Exploring Azure SQL Ledger Tables

“Trust, but verify.”
– Ronald Reagan

Can I trust you?

Many organizations rely on database management tools to store data and handle processes. Customers, clients, and various stakeholders trust organizations with their data. They believe those organizations will not defraud them for the accuracy of the data. There are many good reasons to trust some organizations, ranging from reputation to laws. However, sometimes even the best go astray or become victims of hackers or others with malicious intent.

The Bitcoin cryptocurrency deals with trust issues in the realm of currency. Underlying Bitcoin is the blockchain technology. In a public database, everyone can trust and believe without the need to trust or believe anyone else who is using the system.

To bring this level of trust to databases, Azure SQL is introducing Ledger tables. These tables have the ability to verify transaction records. They use an external ledger such as a blockchain infrastructure.

In this blog post, I will go through an example of these new tables and explain how the system works.

Sections

What Is a Ledger Table

Ledger tables are SQL tables backed up by external ledgers that ensure data integrity. Ledger tables come in two varieties: Ap pend-only Ledger Table and Updatable Ledger Table.

Append-only ledger tables only allow INSERT operations which help protect the data from later changes. An updatable ledger table allows inserts, updates, and deletes.

The database stores the entire history of all the ledger tables. Append-only tables, by their nature, store their own history. Updateable tables automatically create a history table that stores all the changes to the table.

Table history is also stored in the form of ‘digests’. These are JSON objects containing a hash of the state of the database at a given time. A sequence of these digests, also called blocks, forms the ledger blockchain.

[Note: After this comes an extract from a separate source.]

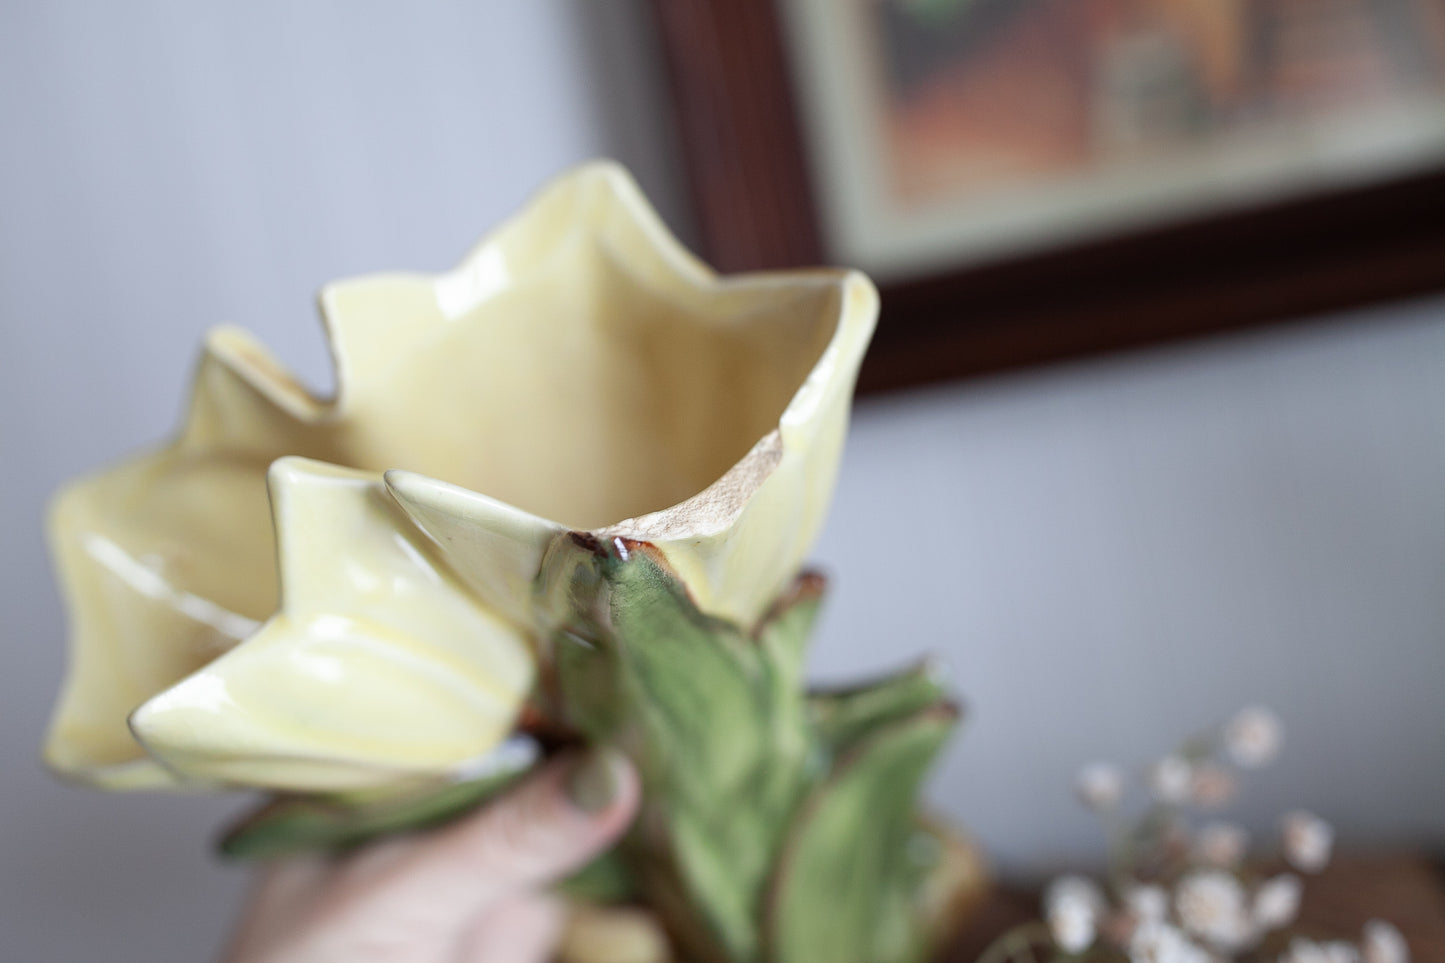 Vintage McCoy Tulip Vase - Flower McCoy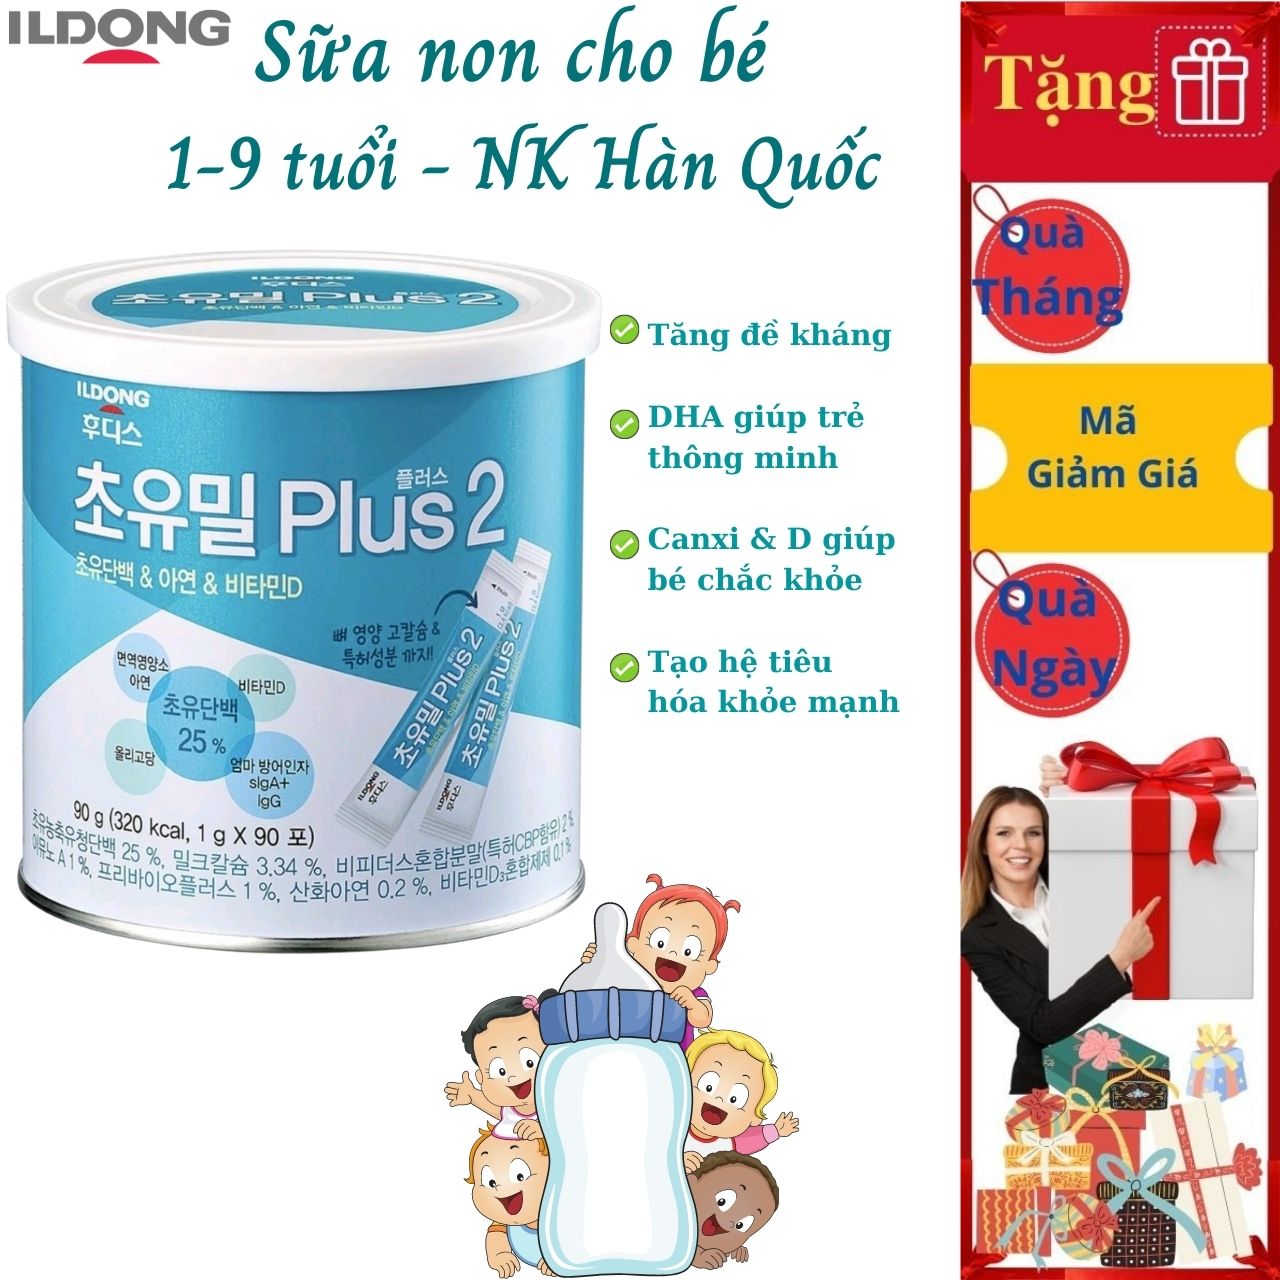 Sữa non cho bé từ 1-9 tuổi Ildong Plus 2 Hàn Bổ sung dinh dưỡng giúp phát triển trí não, xương, răng, tăng sức đề kháng, tiêu hóa tốt - Massel Official

A hash value is produced by a hash function or algorithm. These algorithms can take any amount of information and produce a fixed-length value, the hash value. A given algorithm will always produce the same hash value for the same input data. However, it is impossible to re-create the input data from the hash value. So the hash is a way of summarizing data without showing the data.

Because the history of the database is available, any block (or digest) can be re-created from the database and compared to those in the ledger. If the data is valid and tamper-free, the re-created digests will match the ledger, confirming the data is trustworthy.

Demo

I’m going to walk through the process of creating and working with an updatable ledger table. The goal is to provide a more detailed explanation of how these tables work. The process for an append-only table is similar and I will mention differences as they come up.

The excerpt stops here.